Ralph Fiennes has directed for the screen Shakespeare’s Coriolanus (2012).  Placed by Fiennes in a modern setting, it tells of Caius Martius, a Roman general given the title-surname of  “Coriolanus,” who has valiantly defeated the current enemies of Rome.  Extolled for this, the general is meant to receive the political position of consul, but there are tribunes who bitterly oppose him for his pride and his lack of love for the common people.  The dirt-poor mob that begins to support him is prodded by the tribunes into rejecting him, and at last it is decided that Coriolanus will be banished from Rome.  The general then seeks to betray the ungrateful country by joining the very enemies he bested:  the Volscians.

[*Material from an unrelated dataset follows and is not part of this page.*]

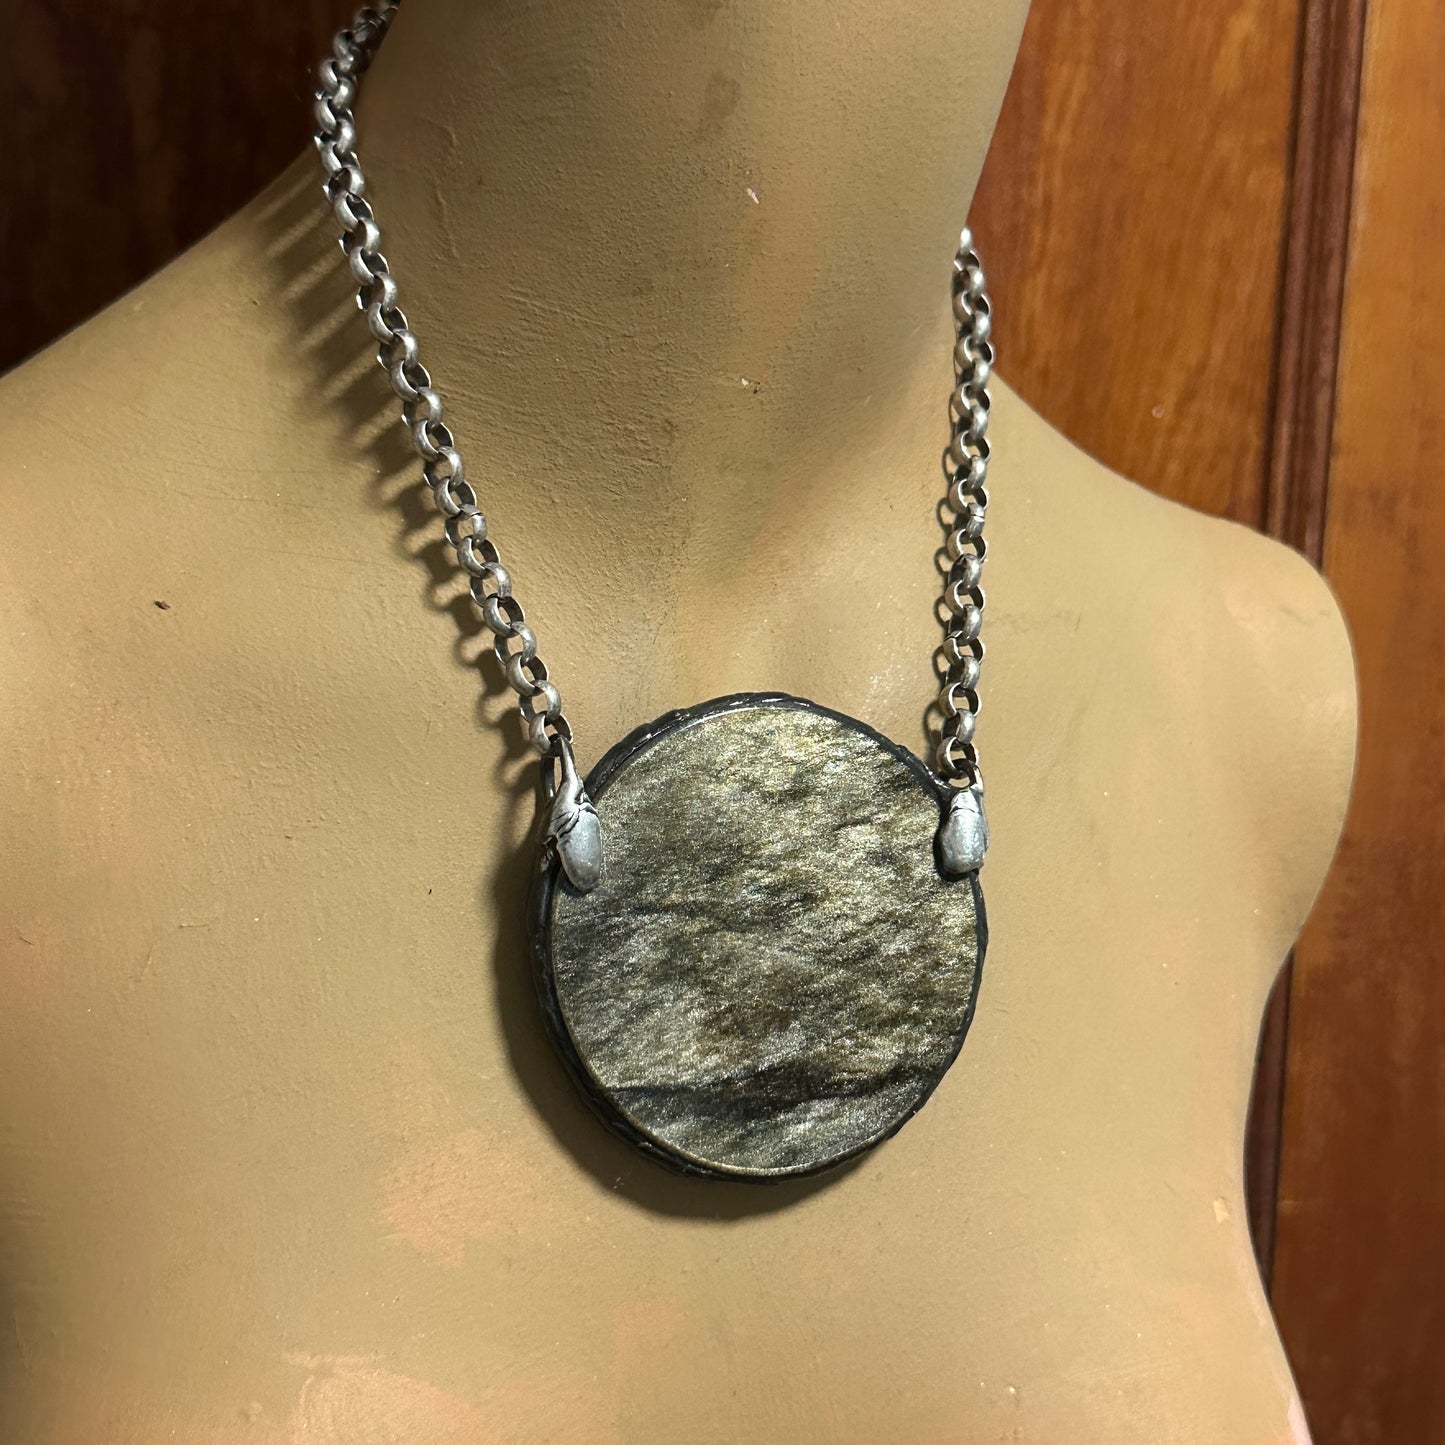 Full Moon ~ Golden Obsidian Nugget Necklace

As James Bowman has asserted, the film is about honor and loyalty, but it also contains a sea of implications that makes it wonderfully relevant to our times. For one thing, it shows us that the electronic media does not, cannot, present honor (owing to its “radical leveling” of people–Bowman).    It is clear, nevertheless, during the first 40 minutes of the movie that the world needs honor, even if, unfortunately, the honor here emanates from a tragic hero.

Further, the scandalized tribunes remind us of men of the Left who deplore all things “conservative”:  They undervalue Coriolanus’s military prowess and, as I indicated, hate his non-love for the common people.  And they do not win our sympathy.  On the other hand, what is to be done for the Roman mob when it demands bread?  (More relevance to our times.)  It seems Rome is a place of neither scarcity nor economic strength.

Predictably, in its contemporary setting the film is not wholly convincing; not by a long shot.  But it mainly succeeds, and is lively and engagingly performed.  As both actor (he plays Coriolanus) and director Fiennes is effective.